Furthermore, the dissection of sensor error pointed out that both G4P and G4AP present for each of the three error components a significant reduction with respect to the 7P, while the improvement of G4AP with respect of G4P is less evident, being statistically significant for the overall and BG-to-IG kinetics errors only. This result is expected, because 7P and G4P/G4AP are sensors of different generations and thus based on different technology, while G4P and G4AP share the same technology and differ on software data processing only. The availability of other larger G4P and G4AP datasets (presently not available to us) would be useful to confirm the results. In general, as already discussed in [15], the largest source of CGM inaccuracy remains the error deriving from calibration.

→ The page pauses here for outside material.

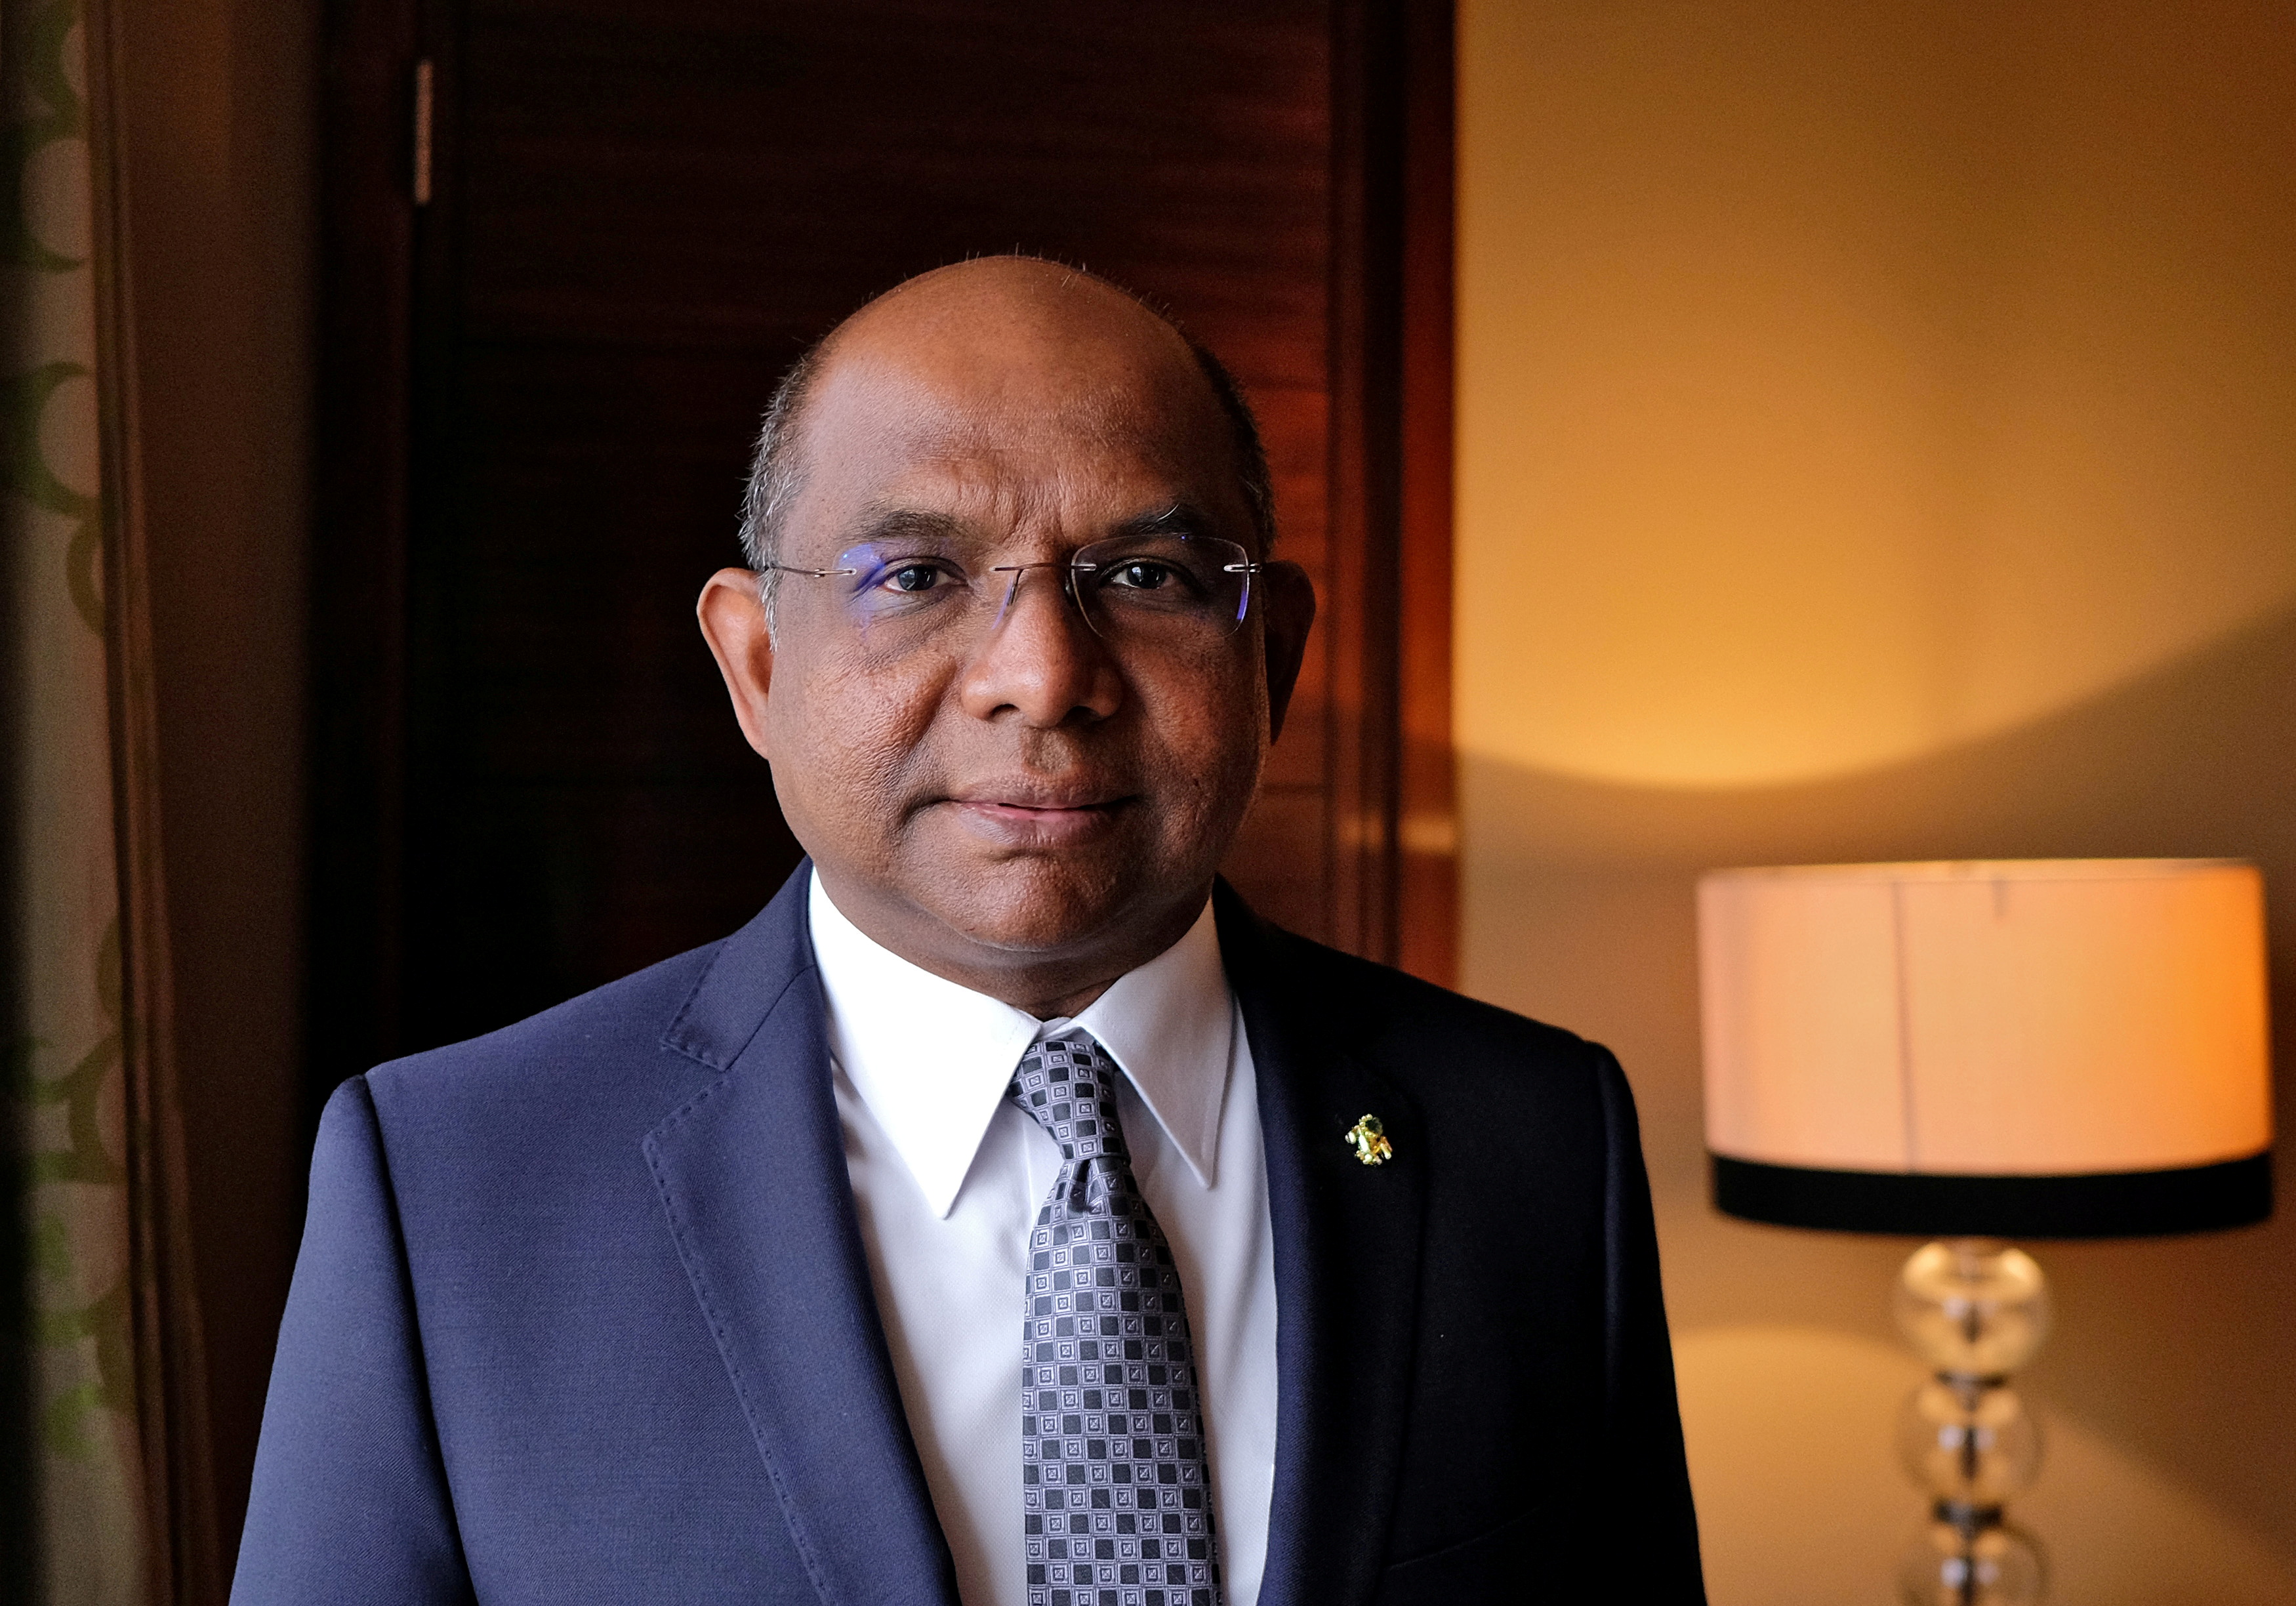 Maldives' Foreign Minister Abdulla Shahid poses after an interview with Reuters in New Delhi, India, January 16, 2020. REUTERS/Alasdair Pal

Some observations on 7P dataset and results are also necessary. The first observation concerns the MARD outcomes relative to 7P sensor, which are slightly higher than those obtained, with a different dataset, in [15]. This difference can be attributed both to the different protocol used during the hospitalized day and, more likely, to the different day of acquisition of YSI reference data with respect to the start of CGM data acquisition. In fact, in the 7P dataset considered in this work, YSI values are available in day 1 only, while in the dataset used in [15] they are available in day 3 only; as demonstrated by several papers regarding the accuracy of 7P sensor, e.g., [1, 5], the accuracy in day 1 is often worse than in the other days of monitoring. The second observation concerns a possible bias in comparison with 7P versus G4 sensors MARD values. In fact, MARD values of the 7P sensor are calculated on day 1 of monitoring only, while those of G4P and G4AP sensors are relative to days 1, 4, and 7. As mentioned before, being the accuracy for day 1 often worse than in the subsequent days of monitoring, a bias could be present. However, in practice, this bias is very limited and does not affect the results of the comparison, being the reported overall median MARD (14.1 %) in line with that calculated on the whole 7-day monitoring and reported in recent studies (e.g., 14.0 % of [5]). Finally, it may seem that the results for the 7P sensor error model are incomplete, being available for day 1 only. We believe that the absence of 7P results for days 4 and 7 is not critical for the comparison with G4 and G4AP for two main reasons: (i) it has been widely demonstrated that G4P sensor performs better than the 7P in all days of monitoring [5] and (ii) since the 7P sensor has been replaced by the G4 generation sensors in all open-loop and close-loop trials involving Dexcom sensors, a more exhaustive analysis of the 7P sensor error would be, at the present time, of minor interest.

5 Conclusions

A detailed dissection and quantitative description of CGM sensor error are important when designing new CGM-based applications, e.g., glucose predictors and artificial pancreas control algorithms, and in in silico testing of diabetes technologies and treatments. In this work, we have analyzed and modeled the error components of two recent CGM sensors produced by Dexcom Inc., the G4P and the G4AP, and compared them with what can be obtained for a sensor of previous generation, the 7P. The analysis gave new insights into CGM sensor error description by evidencing its time-variance during the monitoring, and could be considered a basis on which to create a new CGM sensor error model to be included, e.g., in the UVA/Padova T1D simulator [10], in order to simulate longer reliable scenarios. To complete such a model, further investigation is however needed. In fact, at the present time, only models for days 1, 4, and 7 are available, while for the other days are missing. Further work may concern the analysis of correlation of sensor error before and after a calibration when suitable datasets become available and the application of more sophisticated iterative techniques for the identification of model parameters will allow performing the estimation all model parameters in a single step [13].